Memasuki tahun ketiga konflik, anak-anak harus menanggung beban yang berat, dengan kehidupan, pendidikan, dan harapan mereka untuk masa depan berada di ujung tanduk. Menurut laporan dari Dana Anak-Anak Perserikatan Bangsa-Bangsa (UNICEF) yang dirilis pada 15 April, jumlah anak-anak yang membutuhkan bantuan kemanusiaan meningkat dua kali lipat, dari 7,8 juta di awal 2023 menjadi lebih dari 15 juta pada 2025.

Di sebuah sekolah darurat yang didirikan oleh para aktivis di kawasan permukiman Al-Inqaz di Khartoum, Muram (10) duduk di lantai, dengan teliti menggambar burung merpati di buku catatannya. "Saya belajar bahwa burung merpati adalah simbol perdamaian, dan saya berdoa agar perdamaian menyebar ke seluruh negeri dan kehidupan akan kembali normal," katanya dengan suara penuh harapan.

Muram merupakan salah satu dari sekitar 15 anak yang bersekolah di sekolah sementara tersebut, salah satu upaya sederhana untuk mengembalikan semangat belajar dan rutinitas setelah pendidikan terhenti secara tiba-tiba akibat pecahnya konflik pada pertengahan April 2023.

Tanpa meja atau kursi serta perlengkapan yang memadai, sekolah itu mengandalkan metode improvisasi agar tetap berjalan, mencerminkan kesulitan ekonomi yang lebih luas. Namun demikian, Muram tampak berseri karena mendapat kesempatan untuk belajar kembali. "Saya kehilangan tas sekolah, buku, dan pulpen karena perang, tetapi saya senang bisa kembali bersekolah," katanya.

Muram merindukan teman-teman dan rekan sekelasnya yang dia tinggalkan di sekolah asalnya. "Banyak teman sekelas saya yang mengungsi ke daerah lain dan sekarang tinggal di kamp-kamp. Perang telah merenggut mimpi kami untuk belajar dan memaksa kami meninggalkan rumah," ujarnya.

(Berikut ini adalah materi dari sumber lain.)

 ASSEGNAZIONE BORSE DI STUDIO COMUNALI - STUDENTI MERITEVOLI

"Lebih dari 17 juta anak tak bersekolah akibat perang dan dampaknya yang menghancurkan," ungkap Sekretaris Jenderal Dewan Kesejahteraan Anak Nasional (National Council for Child Welfare/NCCW) Sudan Abdul Qadir Abdullah Abu.

"Jutaan orang tidak memiliki akses terhadap pendidikan atau tempat tinggal. Sementara, yang lainnya mengungsi dan hidup sebagai pengungsi," ungkap Abu kepada Xinhua.

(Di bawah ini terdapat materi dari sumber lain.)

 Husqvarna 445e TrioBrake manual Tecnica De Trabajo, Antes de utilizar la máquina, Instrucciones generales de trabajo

Ia memperkirakan sekitar 8 juta anak mengungsi di wilayah Sudan dan 1,5 juta lainnya telah melarikan diri dan menjadi pengungsi di negara lain.

Menurut UNICEF, Sudan sedang bergulat dengan krisis pengungsian anak terbesar di dunia, yang membahayakan masa depan 24 juta warga termudanya.

Di sebuah kamp pengungsian di Port Sudan, yang saat ini menjadi ibu kota sementara Sudan, Kamal (11) mencoba memainkan alat musik yang disediakan oleh sebuah band lokal dalam sebuah acara hiburan yang langka bagi anak-anak.

Meski dia berusaha menyembunyikannya, kesedihan terlihat jelas di wajah Kamal. Jari-jemarinya gemetar saat memainkan alat musik tersebut, memperlihatkan ketegangan dan ketakutan yang membebani pikirannya yang masih muda.

"Saya tidak betah di sini. Kami dulu memiliki rumah yang indah di Khartoum, dan saya berharap kami bisa kembali ke sana," kata Kamal dengan suara pelan.

Kamal kini tinggal bersama ibu dan saudara-saudaranya di sebuah kamp yang didirikan di dalam sebuah sekolah di kawasan permukiman Al-Sika Hadeed, Port Sudan. Ayahnya meninggal beberapa tahun lalu.

Meski keluarganya telah berada di sini selama lebih dari satu tahun, Kamal masih belum bisa menyesuaikan diri dan menggambarkan tempat itu sebagai sesuatu yang "asing dan sepi."

"Tidak ada tempat bermain di sini, dan ibu saya tidak mengizinkan saya keluar rumah. Saya merasa terkungkung," katanya.

Tinggal di kamp pengungsian menimbulkan tantangan serius bagi anak-anak, ujar psikolog Sudan, Ibtisam Al-Tayeb. "Ruang-ruangnya sangat sempit, dengan sering kali tiga atau empat keluarga terpaksa berbagi satu kamar atau ruang kelas," jelasnya.

"Tumbuh di kamp pengungsian meninggalkan dampak jangka panjang pada perilaku, pemikiran, hubungan, dan kesehatan mental anak-anak," tuturnya kepada Xinhua.

Ia mengatakan "kami khawatir masa depan anak-anak ini akan dibentuk oleh warisan ketidaktahuan, kekerasan, dan pengungsian, sebuah beban yang dapat memberatkan generasi yang akan datang."